Exercise
Beginning with the line that has "Reifer Mann mit" and ending with the line that has "Έρχεται η BMW", retype the entries below exactly, except for the pictures.

Records to process
━━━━━━━━

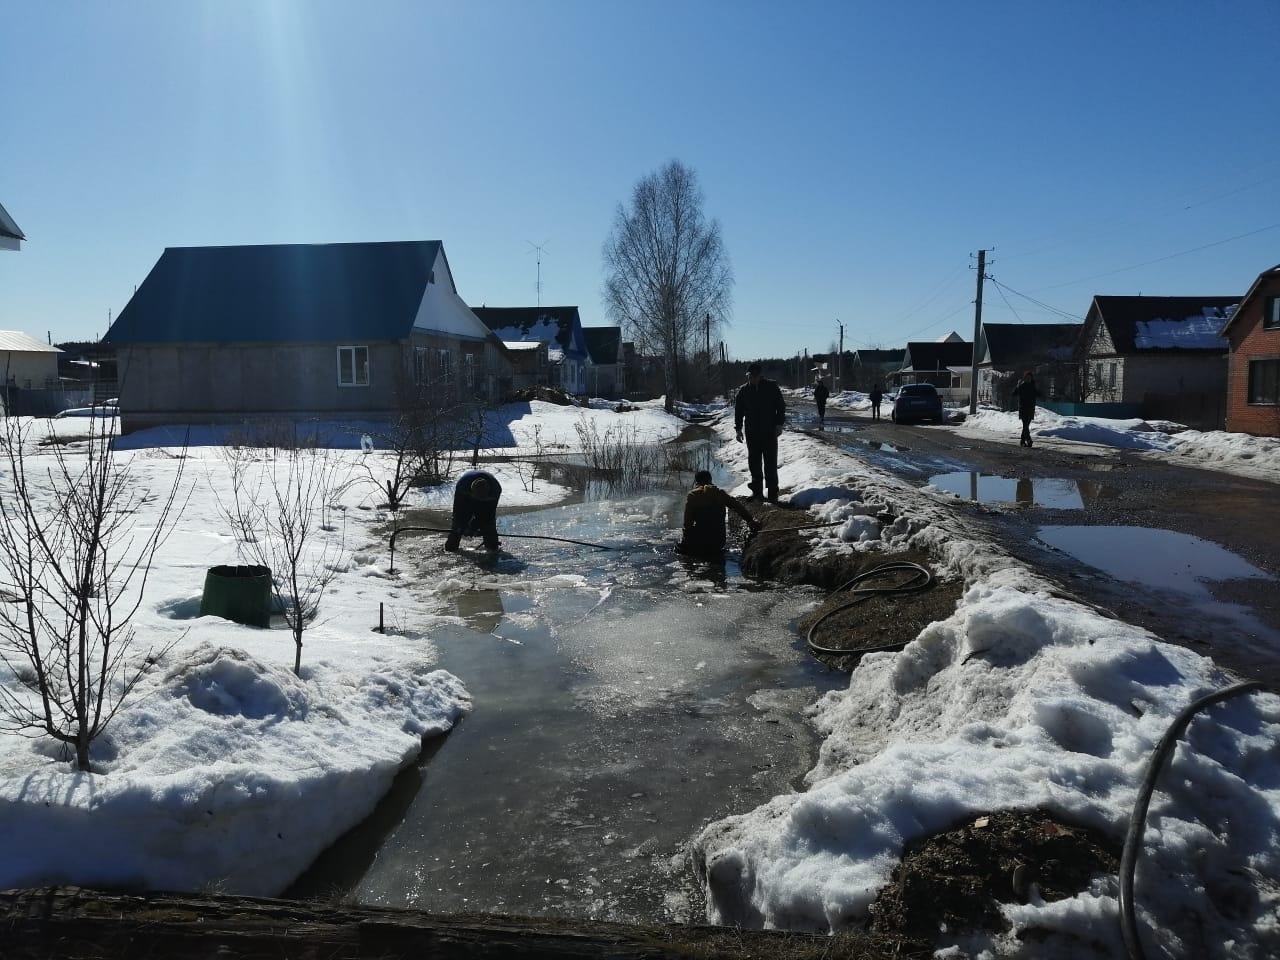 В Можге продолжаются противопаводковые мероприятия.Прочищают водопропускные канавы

━━━━━━━━

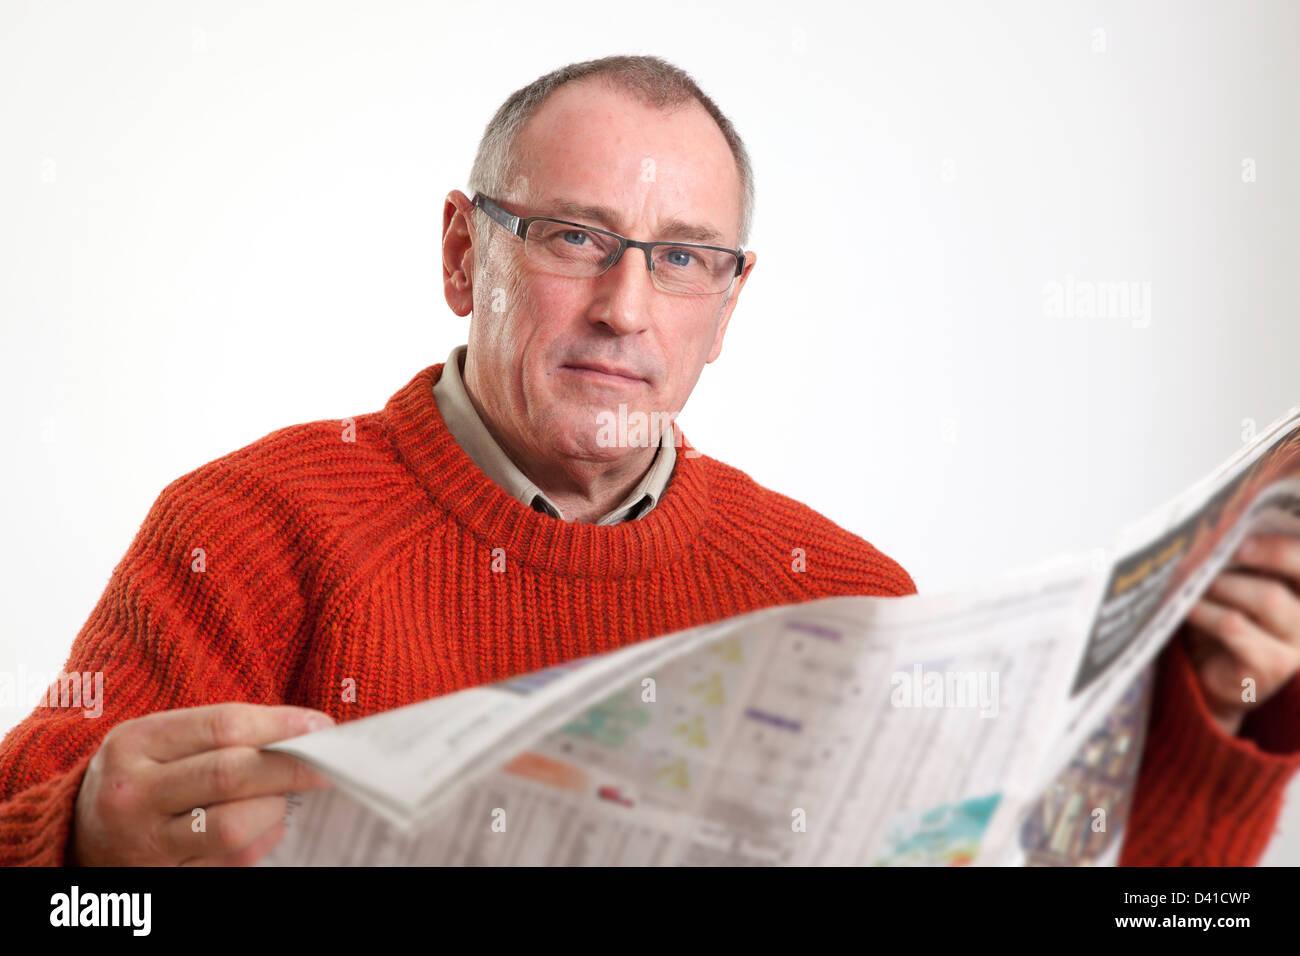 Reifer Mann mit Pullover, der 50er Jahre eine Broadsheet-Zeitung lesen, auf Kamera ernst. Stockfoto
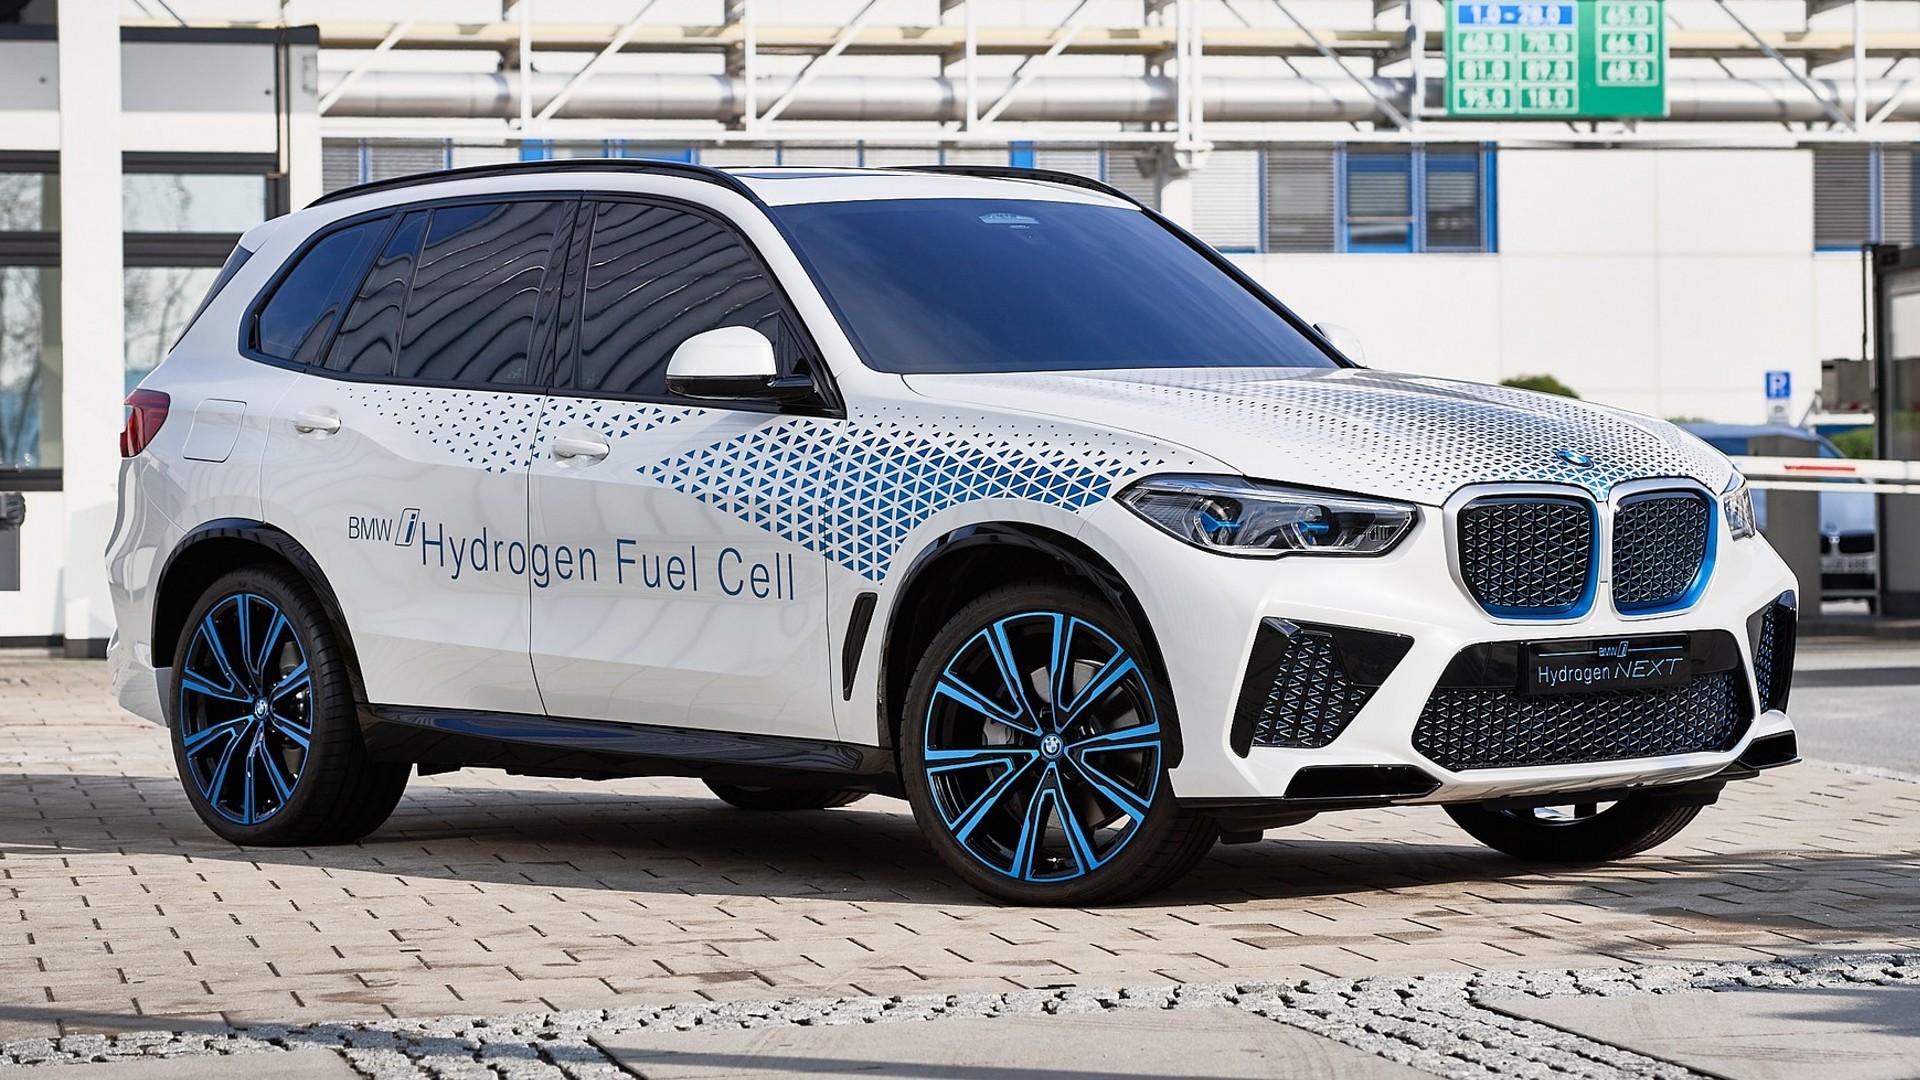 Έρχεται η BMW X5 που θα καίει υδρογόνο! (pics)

━━━━━━━━

Response
 Reifer Mann mit Pullover, der 50er Jahre eine Broadsheet-Zeitung lesen, auf Kamera ernst. Stockfoto
 Έρχεται η BMW X5 που θα καίει υδρογόνο! (pics)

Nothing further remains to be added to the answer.